Your answer should be the line containing "Superb Kronleuchter mit" and every line after it to the end of the records below, word for word.

(Beginning of Data for this task)

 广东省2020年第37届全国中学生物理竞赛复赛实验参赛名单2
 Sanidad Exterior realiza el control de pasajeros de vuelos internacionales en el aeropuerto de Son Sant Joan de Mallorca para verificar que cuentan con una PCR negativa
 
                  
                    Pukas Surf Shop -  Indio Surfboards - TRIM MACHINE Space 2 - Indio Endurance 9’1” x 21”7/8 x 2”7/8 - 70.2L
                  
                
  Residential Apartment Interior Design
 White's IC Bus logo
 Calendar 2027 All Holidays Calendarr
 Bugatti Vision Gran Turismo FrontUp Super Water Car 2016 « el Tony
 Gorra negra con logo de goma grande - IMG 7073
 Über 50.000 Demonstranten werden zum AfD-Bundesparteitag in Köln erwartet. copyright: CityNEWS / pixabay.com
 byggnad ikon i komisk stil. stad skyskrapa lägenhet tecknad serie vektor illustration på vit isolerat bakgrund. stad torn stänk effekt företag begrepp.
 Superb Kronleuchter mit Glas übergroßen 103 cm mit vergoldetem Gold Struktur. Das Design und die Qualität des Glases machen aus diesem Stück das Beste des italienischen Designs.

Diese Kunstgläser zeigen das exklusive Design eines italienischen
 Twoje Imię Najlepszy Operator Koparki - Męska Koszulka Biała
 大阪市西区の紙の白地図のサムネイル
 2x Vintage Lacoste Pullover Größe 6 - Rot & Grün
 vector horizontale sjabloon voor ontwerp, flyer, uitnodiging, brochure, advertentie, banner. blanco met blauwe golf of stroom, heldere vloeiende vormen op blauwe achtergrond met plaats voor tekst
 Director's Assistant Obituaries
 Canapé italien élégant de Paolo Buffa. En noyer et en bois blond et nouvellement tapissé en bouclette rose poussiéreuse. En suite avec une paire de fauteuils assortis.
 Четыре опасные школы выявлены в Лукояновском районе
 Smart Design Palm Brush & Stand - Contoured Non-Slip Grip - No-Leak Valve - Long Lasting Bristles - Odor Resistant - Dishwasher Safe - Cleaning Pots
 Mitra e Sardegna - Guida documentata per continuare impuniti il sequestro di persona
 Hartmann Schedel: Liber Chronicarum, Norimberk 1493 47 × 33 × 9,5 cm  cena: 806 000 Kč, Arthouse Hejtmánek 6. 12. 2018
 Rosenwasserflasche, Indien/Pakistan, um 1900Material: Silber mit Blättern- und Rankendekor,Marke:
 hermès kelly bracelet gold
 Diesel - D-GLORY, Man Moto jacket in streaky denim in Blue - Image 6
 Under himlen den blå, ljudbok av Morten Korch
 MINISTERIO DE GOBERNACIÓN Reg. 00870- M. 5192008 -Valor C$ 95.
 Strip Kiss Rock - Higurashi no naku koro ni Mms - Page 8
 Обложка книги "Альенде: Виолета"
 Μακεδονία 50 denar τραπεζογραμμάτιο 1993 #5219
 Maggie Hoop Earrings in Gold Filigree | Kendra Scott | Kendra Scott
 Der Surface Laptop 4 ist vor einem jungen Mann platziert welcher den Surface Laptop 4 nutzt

(End of Data for this task)

# Task result:
 Superb Kronleuchter mit Glas übergroßen 103 cm mit vergoldetem Gold Struktur. Das Design und die Qualität des Glases machen aus diesem Stück das Beste des italienischen Designs.

Diese Kunstgläser zeigen das exklusive Design eines italienischen
 Twoje Imię Najlepszy Operator Koparki - Męska Koszulka Biała
 大阪市西区の紙の白地図のサムネイル
 2x Vintage Lacoste Pullover Größe 6 - Rot & Grün
 vector horizontale sjabloon voor ontwerp, flyer, uitnodiging, brochure, advertentie, banner. blanco met blauwe golf of stroom, heldere vloeiende vormen op blauwe achtergrond met plaats voor tekst
 Director's Assistant Obituaries
 Canapé italien élégant de Paolo Buffa. En noyer et en bois blond et nouvellement tapissé en bouclette rose poussiéreuse. En suite avec une paire de fauteuils assortis.
 Четыре опасные школы выявлены в Лукояновском районе
 Smart Design Palm Brush & Stand - Contoured Non-Slip Grip - No-Leak Valve - Long Lasting Bristles - Odor Resistant - Dishwasher Safe - Cleaning Pots
 Mitra e Sardegna - Guida documentata per continuare impuniti il sequestro di persona
 Hartmann Schedel: Liber Chronicarum, Norimberk 1493 47 × 33 × 9,5 cm  cena: 806 000 Kč, Arthouse Hejtmánek 6. 12. 2018
 Rosenwasserflasche, Indien/Pakistan, um 1900Material: Silber mit Blättern- und Rankendekor,Marke:
 hermès kelly bracelet gold
 Diesel - D-GLORY, Man Moto jacket in streaky denim in Blue - Image 6
 Under himlen den blå, ljudbok av Morten Korch
 MINISTERIO DE GOBERNACIÓN Reg. 00870- M. 5192008 -Valor C$ 95.
 Strip Kiss Rock - Higurashi no naku koro ni Mms - Page 8
 Обложка книги "Альенде: Виолета"
 Μακεδονία 50 denar τραπεζογραμμάτιο 1993 #5219
 Maggie Hoop Earrings in Gold Filigree | Kendra Scott | Kendra Scott
 Der Surface Laptop 4 ist vor einem jungen Mann platziert welcher den Surface Laptop 4 nutzt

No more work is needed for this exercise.